When she throws her shawl around her shoulders and opens the door to dash out, she is surprised by the fact that someone is standing outside: Boman, the sexton from Katarina Church. He is young, with hopes of one day taking over as the parish shepherd. He smells so strongly of spirits that he must have helped himself to the bottle in the moments before Anna Stina opened the door. But she has not been expecting any help and wonders who asked the bell ringer to come. She has no time to waste on gratitude.
“Mother Maja has the fever. Please pray for her while I run to the apothecary.”
When Anna Stina returns half an hour later she is empty-handed. Josef Karlsson, the apothecary, is out for the evening, and his wife’s opinion was that he would already be so affected by the punch that it would make no difference even if Anna Stina ran all the way out to the Royal Pasture to fetch him.
A silence has descended on the household. Even the families they share the building with stand still in their doorways when Anna Stina returns. Boman stands next to the bed with his hands folded in prayer.
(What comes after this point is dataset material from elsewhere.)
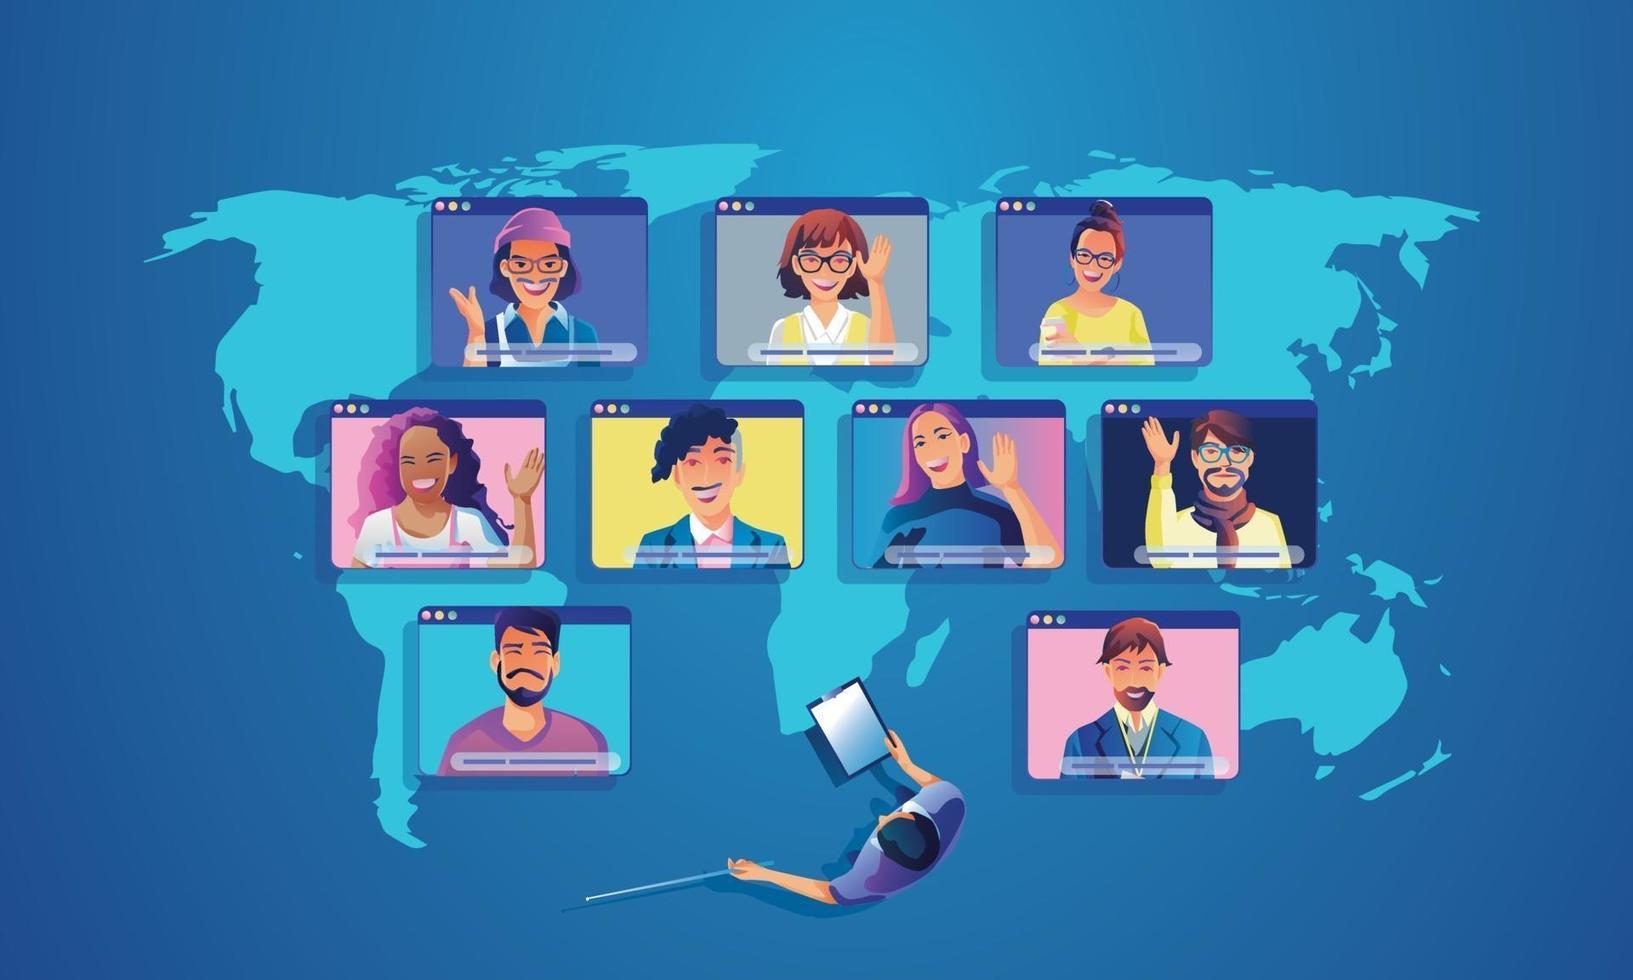 affärsmän använder videokonferens landning arbetar ovanifrån människor på fönster skärmen tar med kollegor. fjärrarbetande videokonferens och online-mötesarbetsplats sida man kvinna lärande vektor
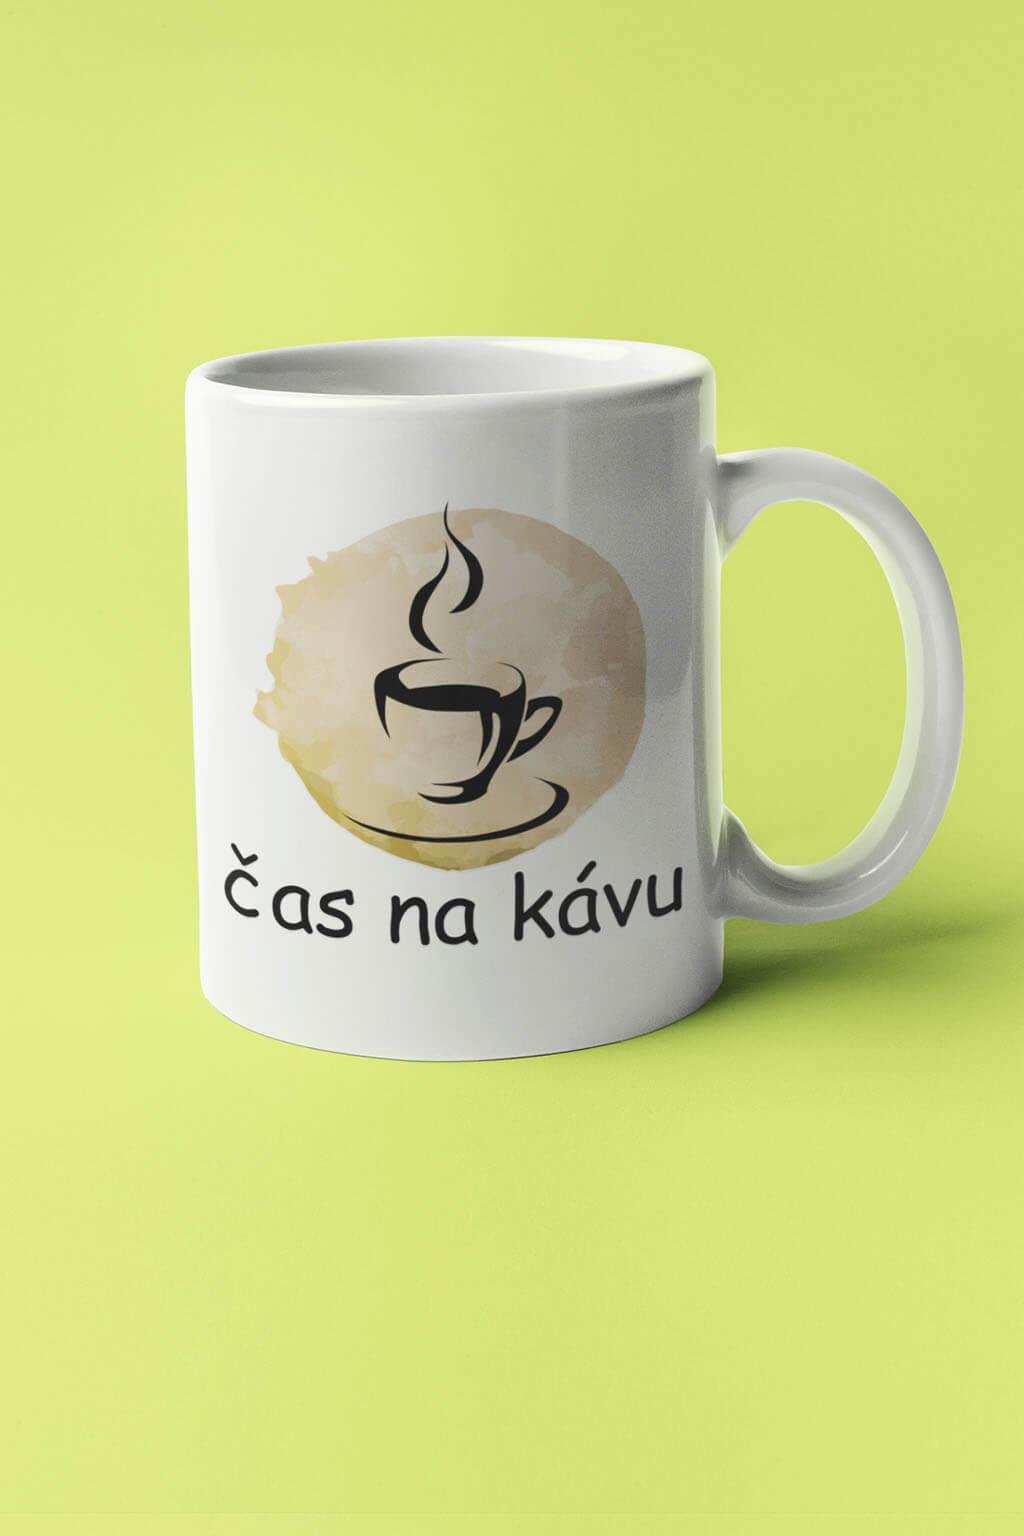 MMO Šálka čas na kávu Farba šálky: Biela

The sheet has been pulled over Maja’s face and at first Anna Stina does not understand why. Boman clears his throat and the words he speaks sound uncomfortably ceremonial in his youthful voice.
“Anna Stina, your beloved mother Maja Knapp has left us, may God have mercy on her soul.”
He mumbles a few more words that she does not hear. Anna Stina feels her knees about to buckle under her. She loses her breath, as if she has been punched in the stomach. The injustice is more than she can bear. Maja Knapp, who has supported her only daughter on her own for so long, who has patiently borne the contempt of her fellow parishioners on account of her illegitimate child, who has worn out her body in physical labor every day—did she endure all this only to die alone and without comfort? It is too much. Anna Stina’s entire body shakes. Boman struggles to find the right words as he speaks up once again.
“It was not for Mother Maja’s sake that I came here tonight. I come with a message from the pastor, and Anna Stina should know that neither one of us could have known in advance what fate held in store this evening. I believe it was providence that Mother Maja had a man of God by her side during her final moments.”
Boman stops and has to rub the bridge of his nose for a while before he can continue.
“We have received a letter that contains a testimony against you. You are hereby summoned before the Consistory in order to face the accusations of whoring and intent to lure the innocent into sin. The pastor would like to speak with you first.”